§ **Task details**: Reproduce exactly only the lines from the line that holds "83 Modern Bathroom" to the line that holds "Pet Safe / Radio", inclusive, in the listing below, and please leave out every picture.
··· Exercise data
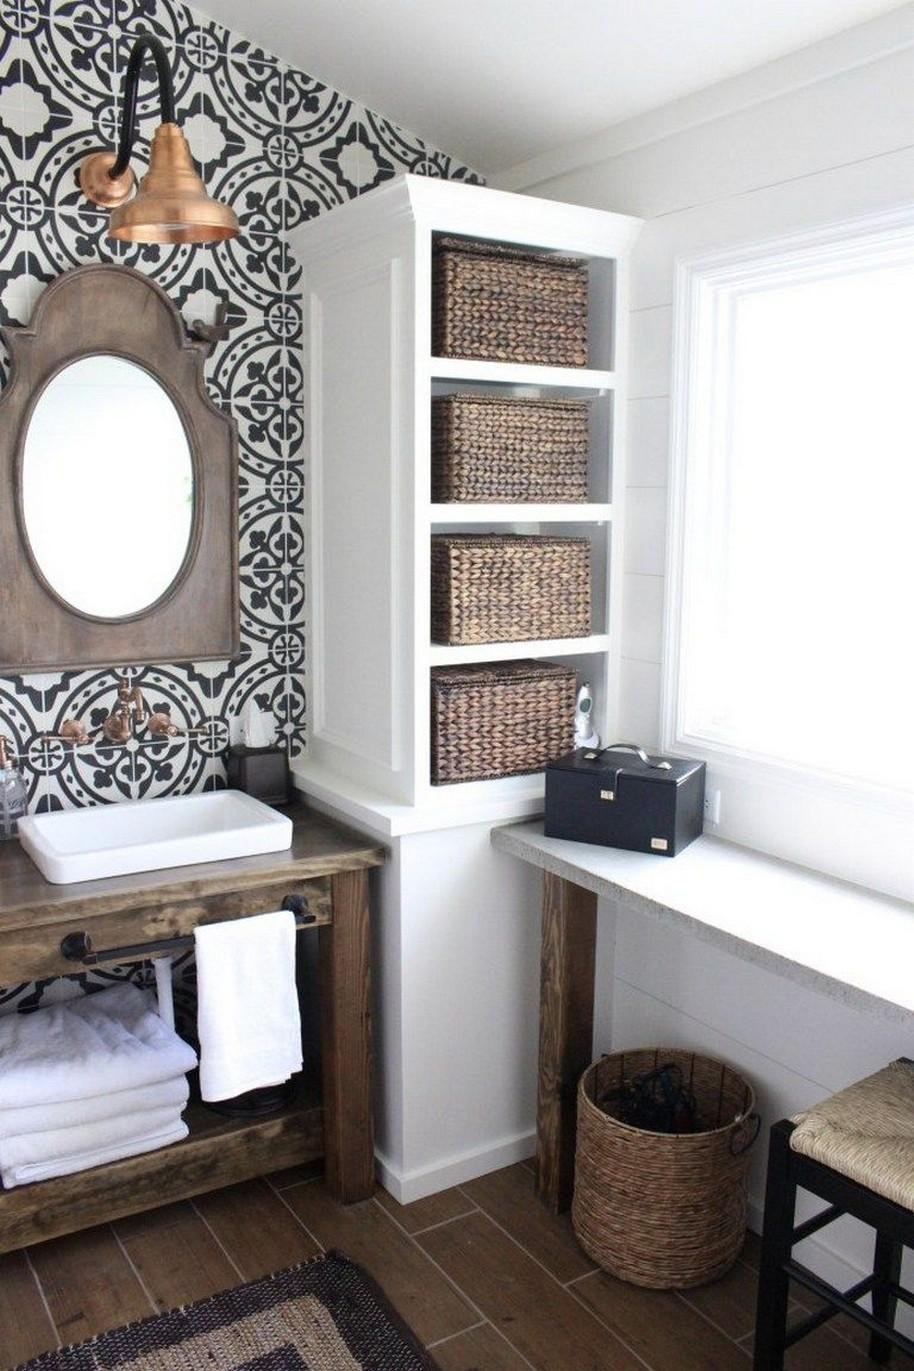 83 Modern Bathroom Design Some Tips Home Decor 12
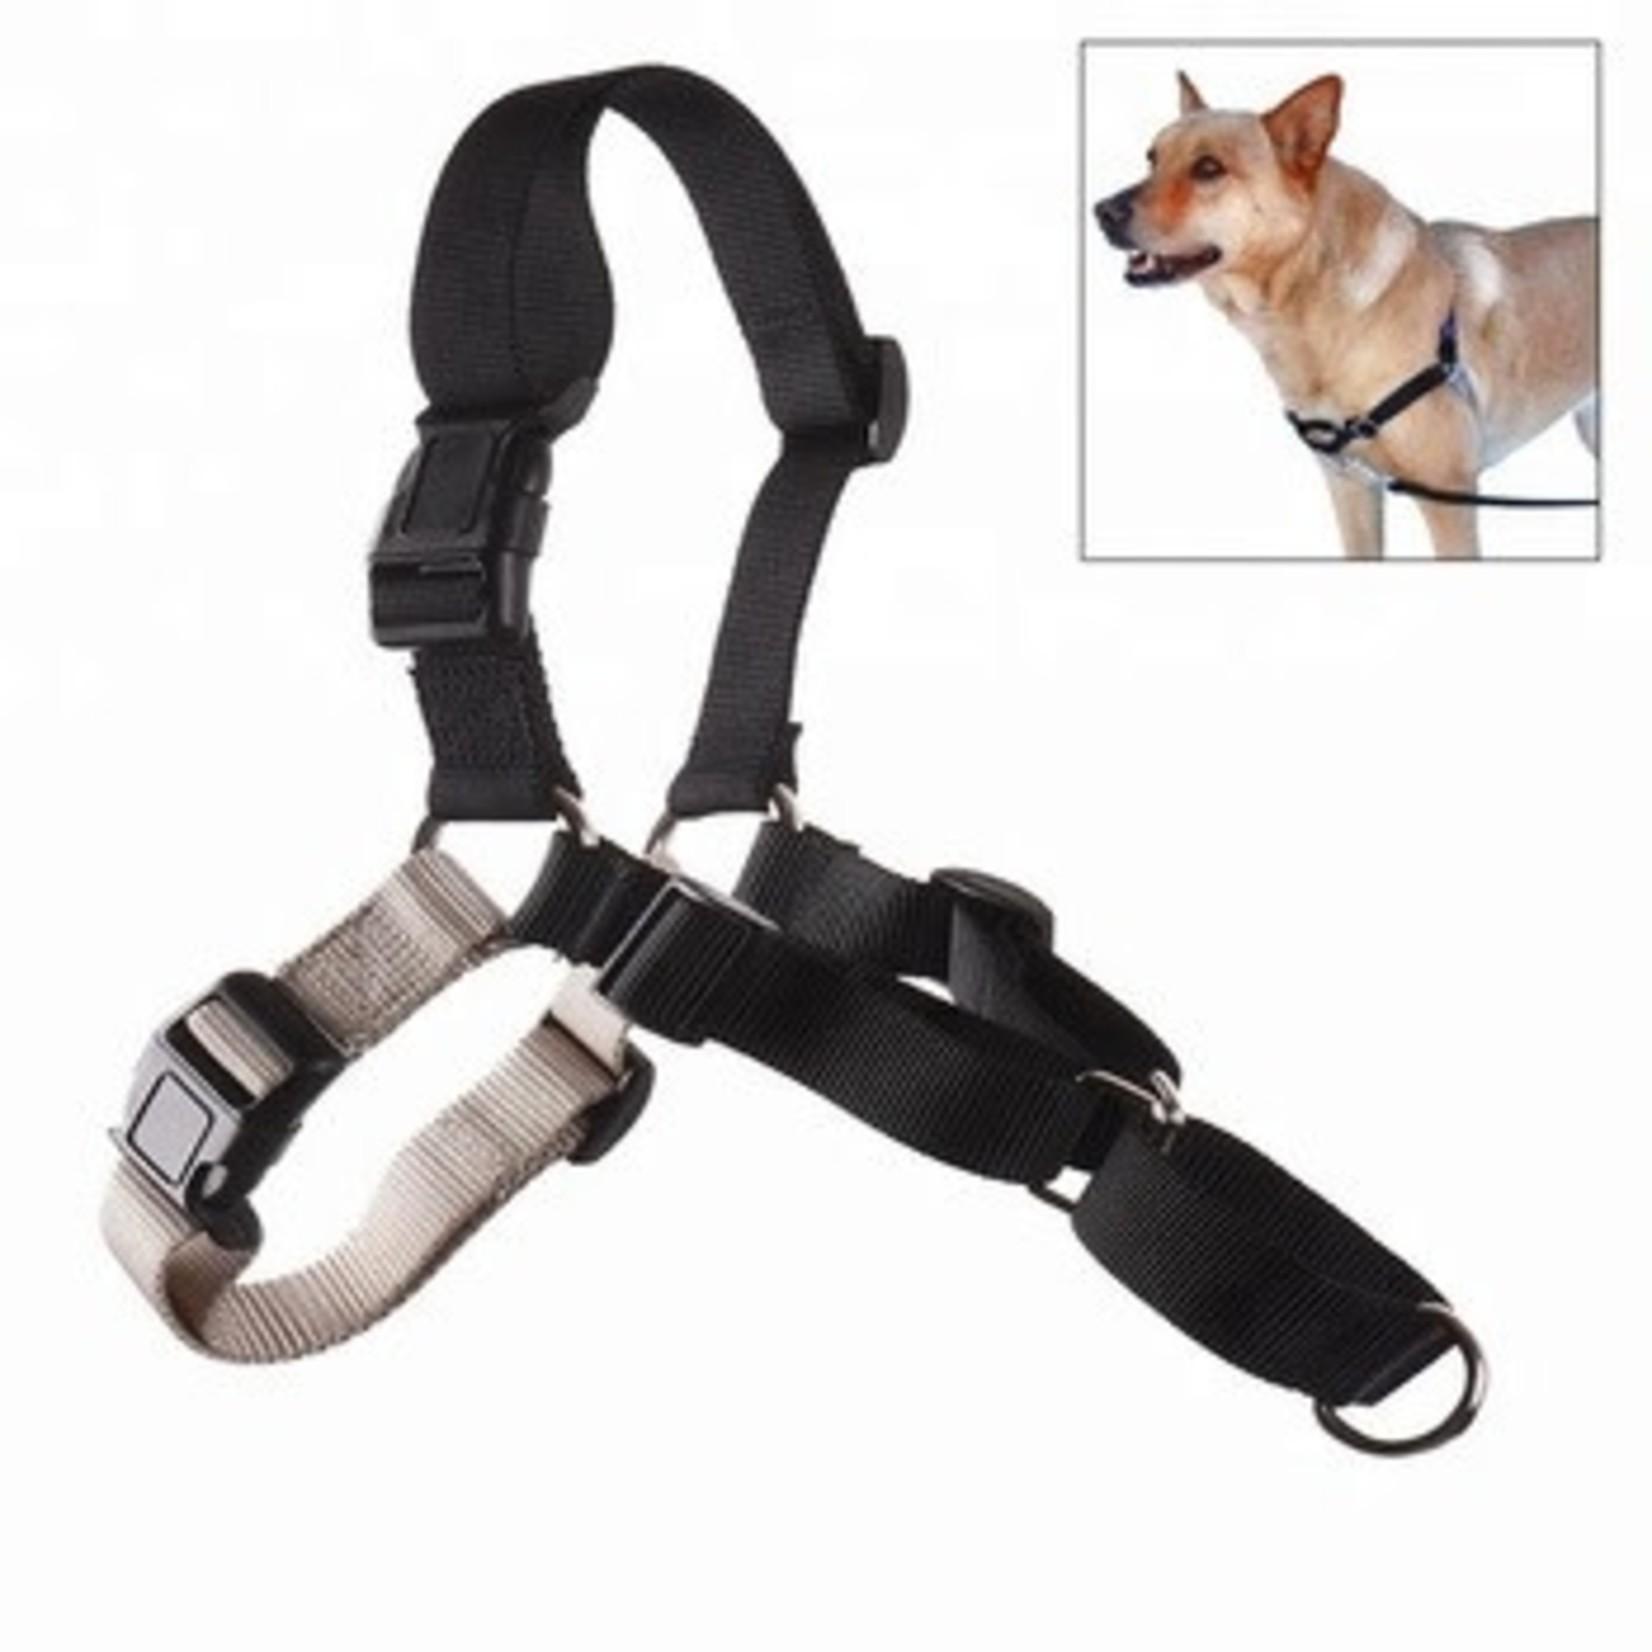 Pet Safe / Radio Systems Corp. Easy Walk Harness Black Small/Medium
······
··· Exercise data
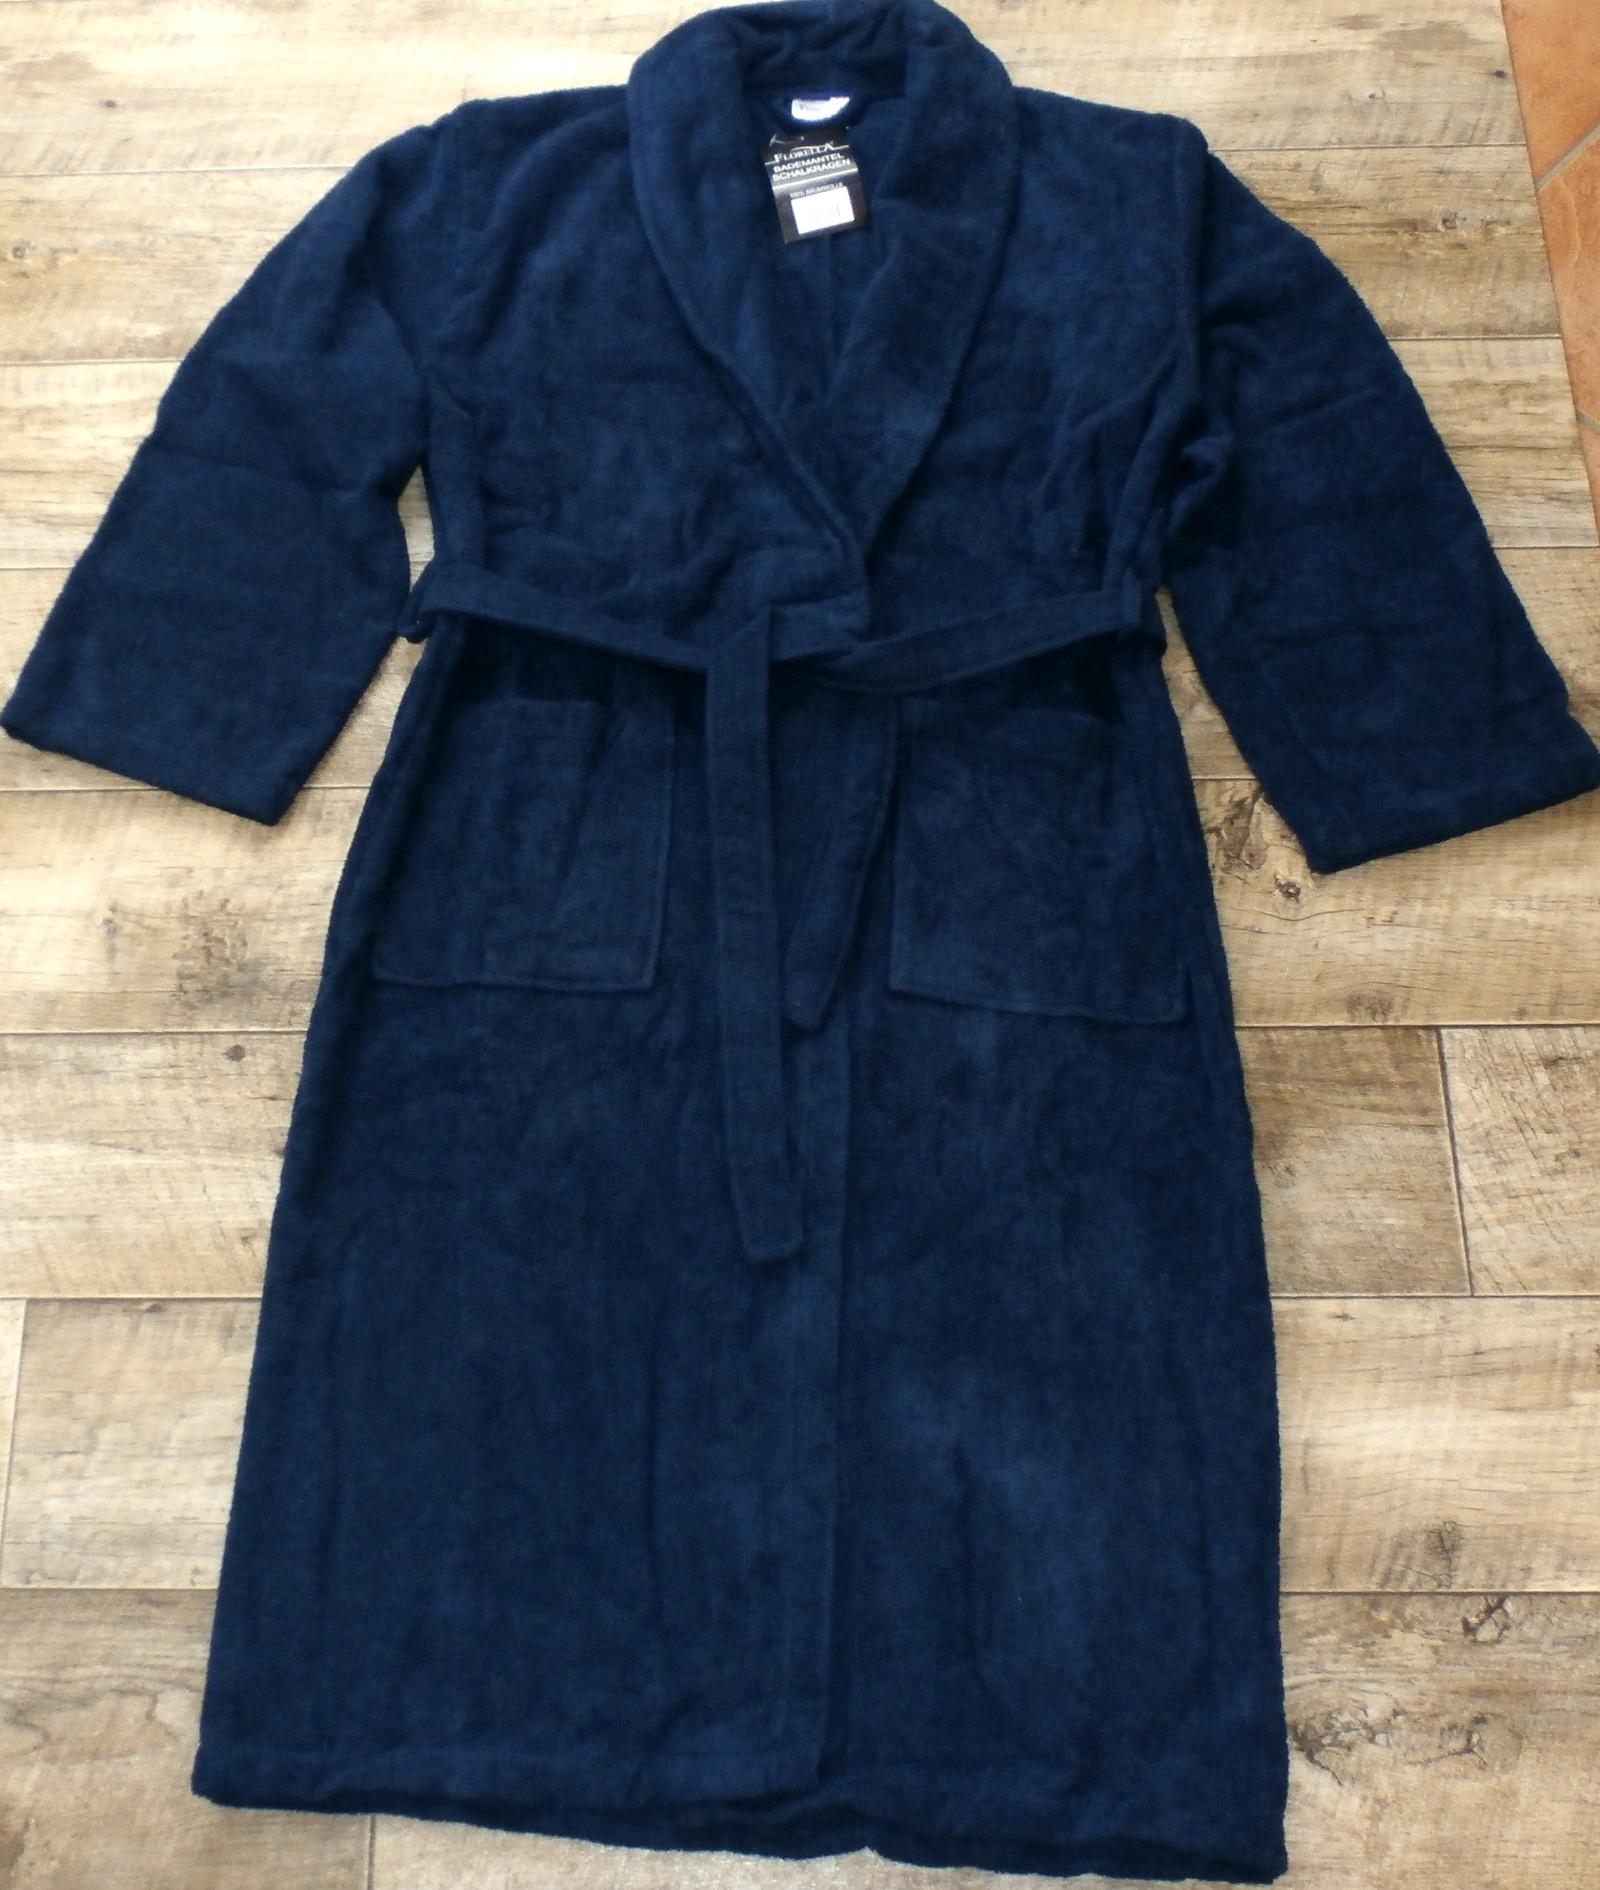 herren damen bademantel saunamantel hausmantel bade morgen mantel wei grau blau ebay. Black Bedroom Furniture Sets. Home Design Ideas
······
§ **Exercise answer**:
 83 Modern Bathroom Design Some Tips Home Decor 12
 Pet Safe / Radio Systems Corp. Easy Walk Harness Black Small/Medium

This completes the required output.